● **About this task**
Please give back the listing below word for word, without the images.

● **Material provided**
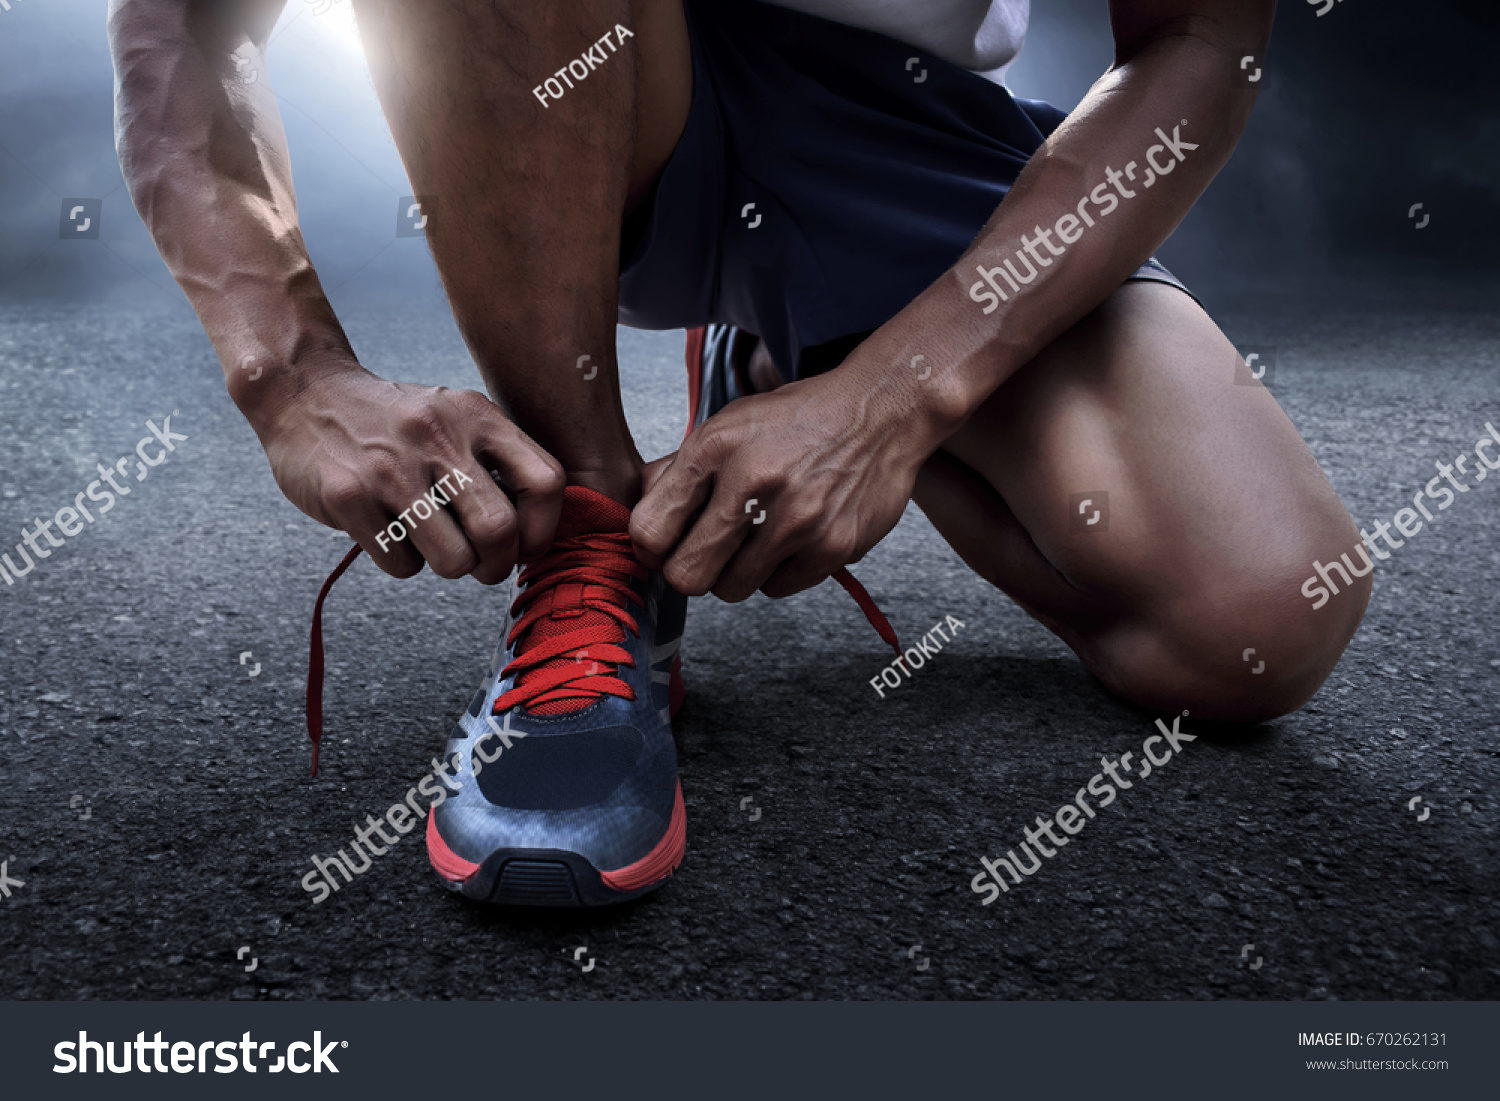 Man tying running shoes #670262131
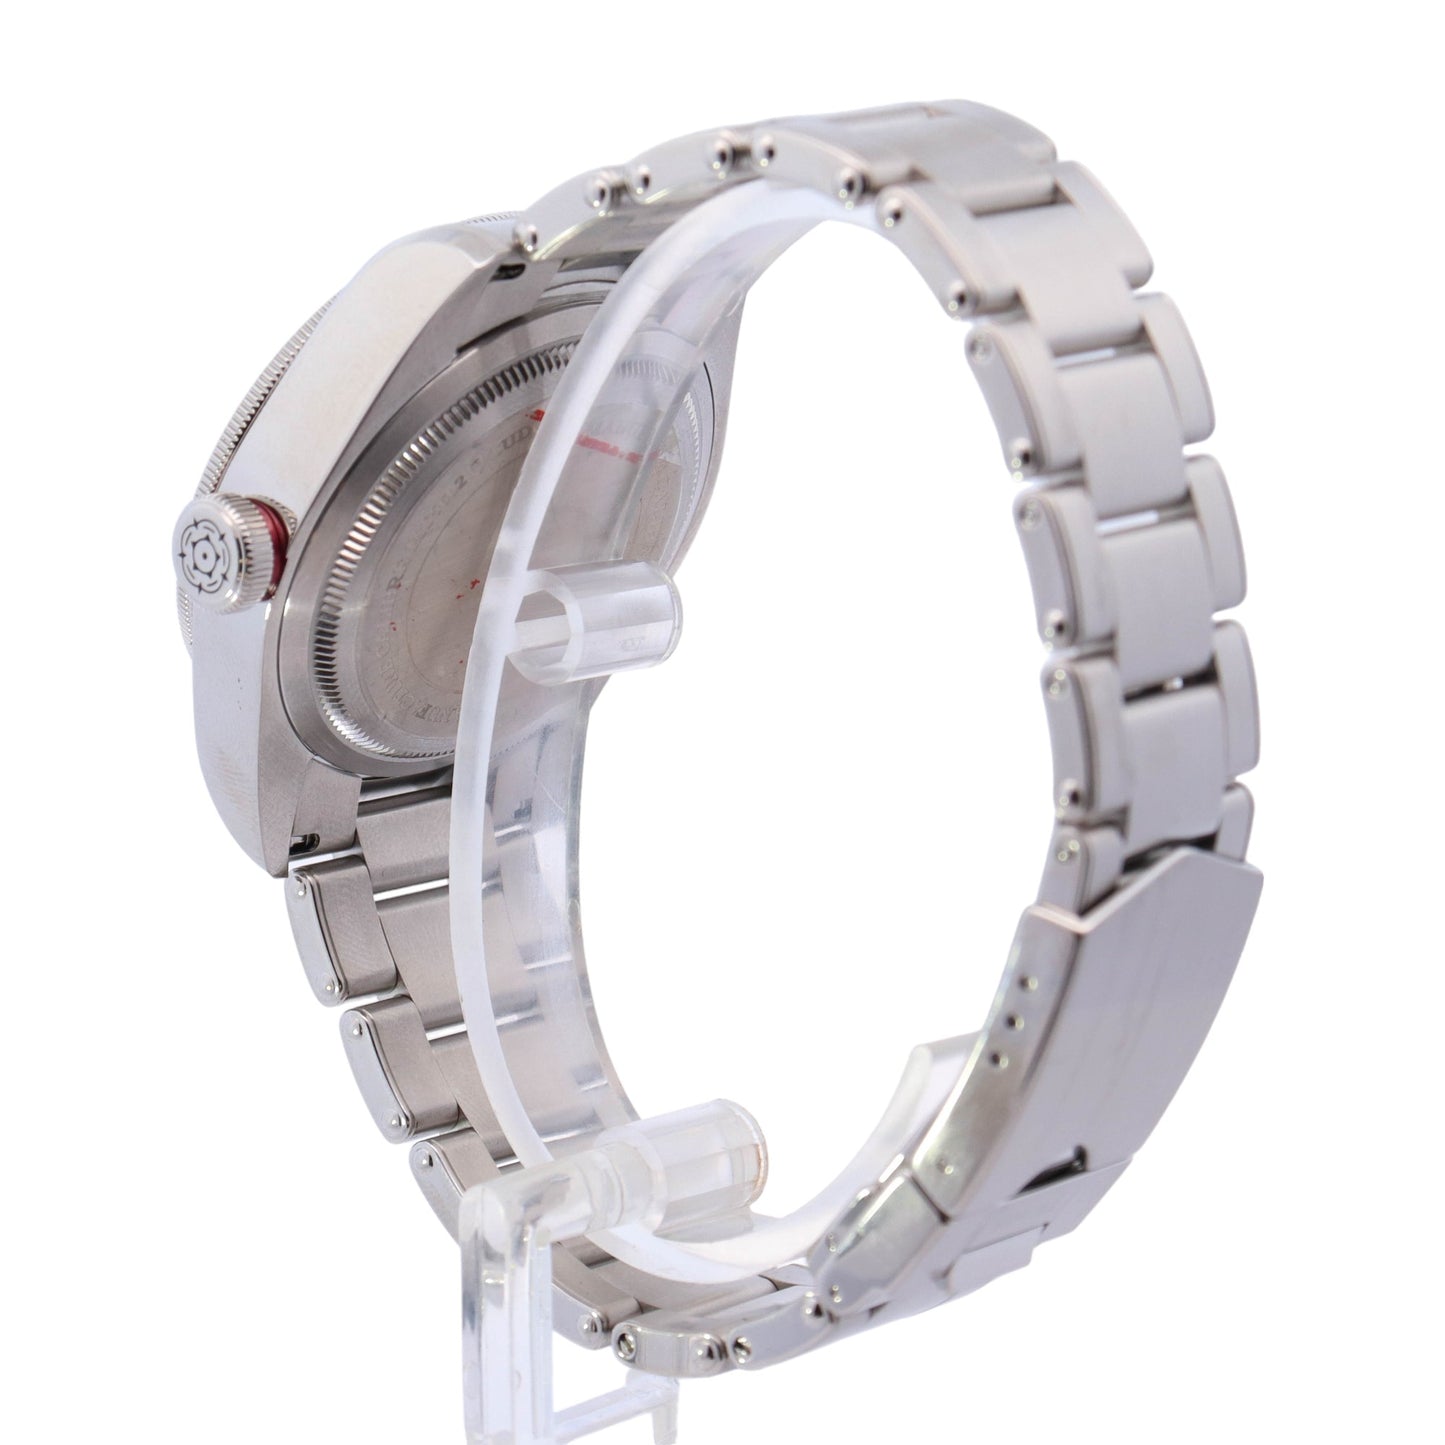 Tudor Black Bay Stainless Steel 41mm Black Dot Dial Watch | Ref# 79230R - Happy Jewelers Fine Jewelry Lifetime Warranty
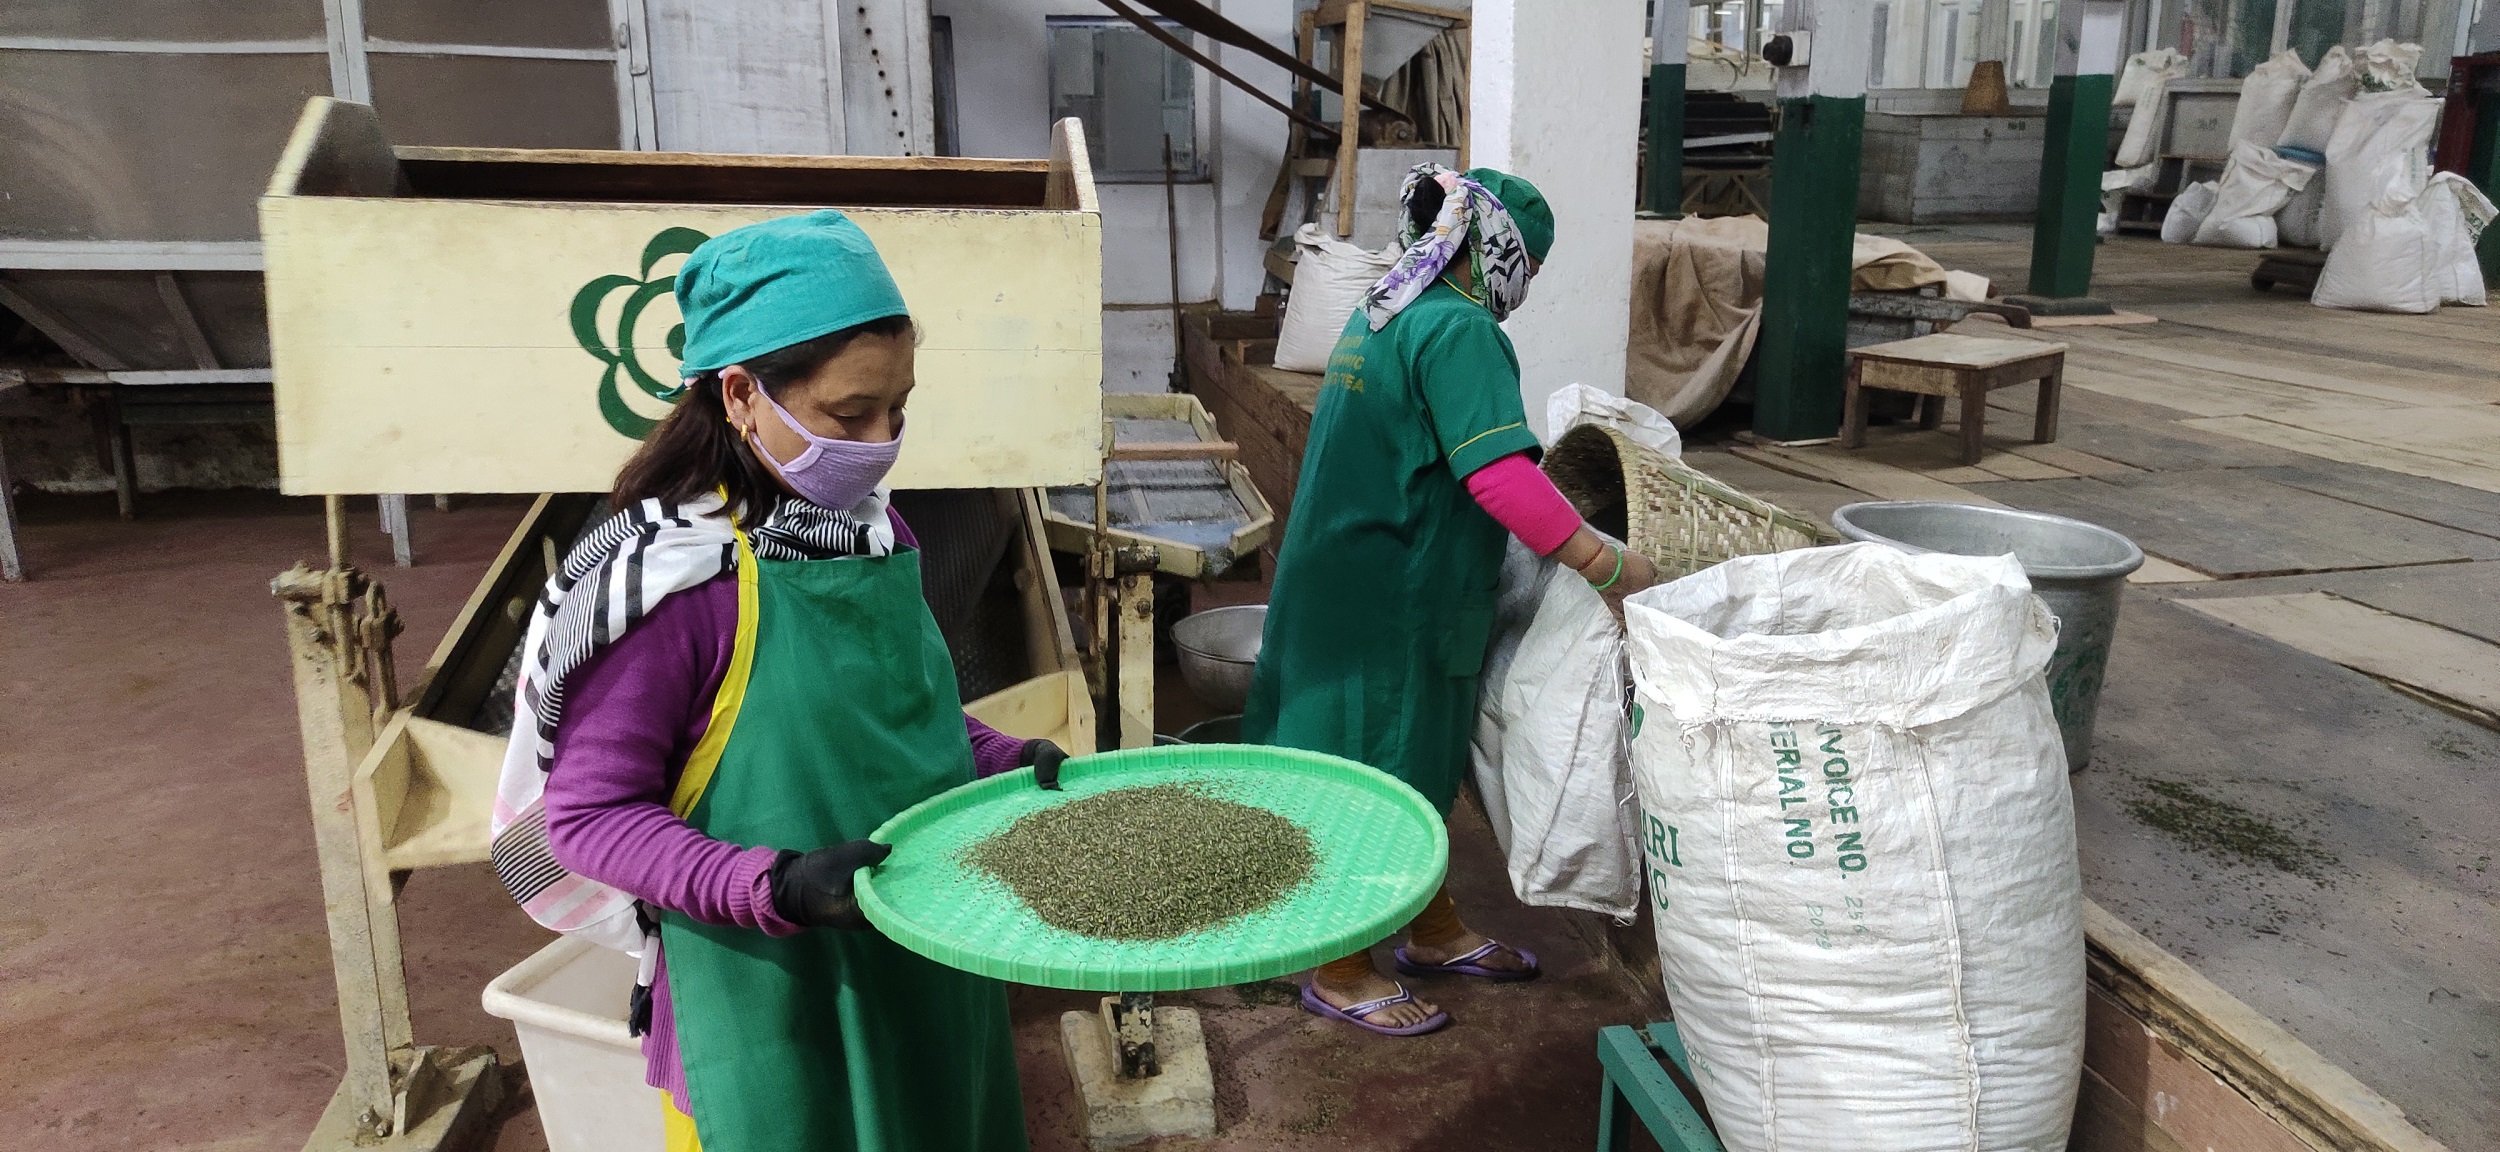 Tea being processed at the factory of Makaibari tea estate (image: Gurvinder Singh)

● **Answer space**
 Man tying running shoes #670262131
 Tudor Black Bay Stainless Steel 41mm Black Dot Dial Watch | Ref# 79230R - Happy Jewelers Fine Jewelry Lifetime Warranty
 Tea being processed at the factory of Makaibari tea estate (image: Gurvinder Singh)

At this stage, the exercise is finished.